The Villages of Oconomowoc and Pewaukee also operated their own schools in the late nineteenth century. Oconomowoc rented spaces for public schools in the 1840s and opened its own building in 1854. The village grew as roads were extended from Milwaukee, Waukesha, and Pewaukee. A new school that accommodated ten grades, including high school grades, opened in 1877. The school had one male principal teacher, five female assistant teachers, and a little more than three hundred students in 1879. Oconomowoc built a separate high school between 1922 and 1923. The building is no longer used as a school but is on the National Register of Historic Places. Pewaukee’s school moved out of its temporary quarters in 1848. It also operated a high school in the 1870s. The high school had one teacher and eighty-nine students, one of whom was older than age twenty. The average daily attendance was only thirty-three. Oconomowoc currently operates one high school, two middle schools, and five elementary schools, whereas Pewaukee has one high school, one middle school, and two elementary schools.[15]

As Milwaukee residents migrated to the eastern Waukesha suburbs, new school districts were organized and the county district became unnecessary. The new district boundaries reflected settlement patterns which did not always correspond to municipal boundaries. Children in New Berlin, for example, may attend school in New Berlin, Brookfield, Muskego, or West Allis. This is because the New Berlin district did not exist until 1960. It was the result of a consolidation of nine elementary school districts. At the time, children in some neighborhoods already attended schools in adjacent communities and the district lines were drawn to reflect that fact. New Berlin operates two middle/high schools (grades 7-12) and four elementary schools. The Elmbrook school district serves students in the City and Town of Brookfield, the Village of Elm Grove, and a small portion of the City of New Berlin. It was created in 1964 when voters in Brookfield and Elm Grove approved a referendum that consolidated several elementary school districts and a jointly operated high school. The Elmbook district has two high schools, two middle schools, five elementary schools, and one school for students with special needs. Finally, the Muskego-Norway district operates Muskego High School, two middle schools, and five elementary schools.[16]

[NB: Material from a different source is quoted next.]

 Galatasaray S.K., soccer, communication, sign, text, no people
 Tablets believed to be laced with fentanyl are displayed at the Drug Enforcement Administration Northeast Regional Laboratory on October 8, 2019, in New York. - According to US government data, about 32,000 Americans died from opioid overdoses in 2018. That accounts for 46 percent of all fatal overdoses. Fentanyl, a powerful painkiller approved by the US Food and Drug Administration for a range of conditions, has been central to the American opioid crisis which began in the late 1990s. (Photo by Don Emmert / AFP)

The School District of Menomonee Falls and the Hamilton School District also do not correspond to municipal boundaries. Most Menomonee Falls students attend school in Menomonee Falls but a few go to school in the Hamilton District. Hamilton also serves the communities of Butler, Lannon, Sussex, and portions of Pewaukee and Lisbon. It was created in 1959 as a union high school among several different communities. The underlying districts eventually merged with the high school district. It is named after Alexander Hamilton. Hamilton operates a high school, a middle school, four elementary schools, and a separate four-year-old kindergarten.[17]

Like Milwaukee County, Waukesha has a union school district. Arrowhead Union High School receives students from the Hartland-Lakeside J3, Lake Country, Merton Community, North Lake, Richmond, Stone Bank, and Swallow districts, each of which runs its own schools from kindergarten through eighth grade. The high school is divided into a north campus for freshmen and sophomores and a south campus for juniors and seniors. The two campuses sit on 117 acres of land.[18]

Finally, there are three other districts in Waukesha County. The Mukwonago Area School District was created in 1971, when the Vernon and Mukwonago school districts merged. It currently has one high school, one middle school, and six elementary schools. The Norris School District, which is also in Mukwonago but operates independently, has one middle/high school for young men in need of alcohol, drug, mental health, and behavior treatment programs. Lastly, the Kettle Moraine School District covers ninety square miles of western Waukesha and includes City of Delafield, the Villages of Dousman, North Prairie, Summit, and Wales, and the Towns of Delafield, Eagle, Genesee, Ottawa, and Sullivan (which is in Jefferson County). The district has five elementary schools, one middle school, four high schools in one building, one alternative school, and one community center. The high school was built in 1965. Three of the schools inside it are charter schools.[19]

Washington County

Washington County became responsible for rural schools after state law changed in 1861. The county employed 143 teachers, seventy-six of whom were women, in 1880. Most of those teachers worked in one-room schoolhouses, but there were also four high schools in Farmington, Hartford, Kewaskum, and Schleisingerville (now Slinger) at that time. The Village of West Bend also ran its own high school that was not part of the county school system.[20]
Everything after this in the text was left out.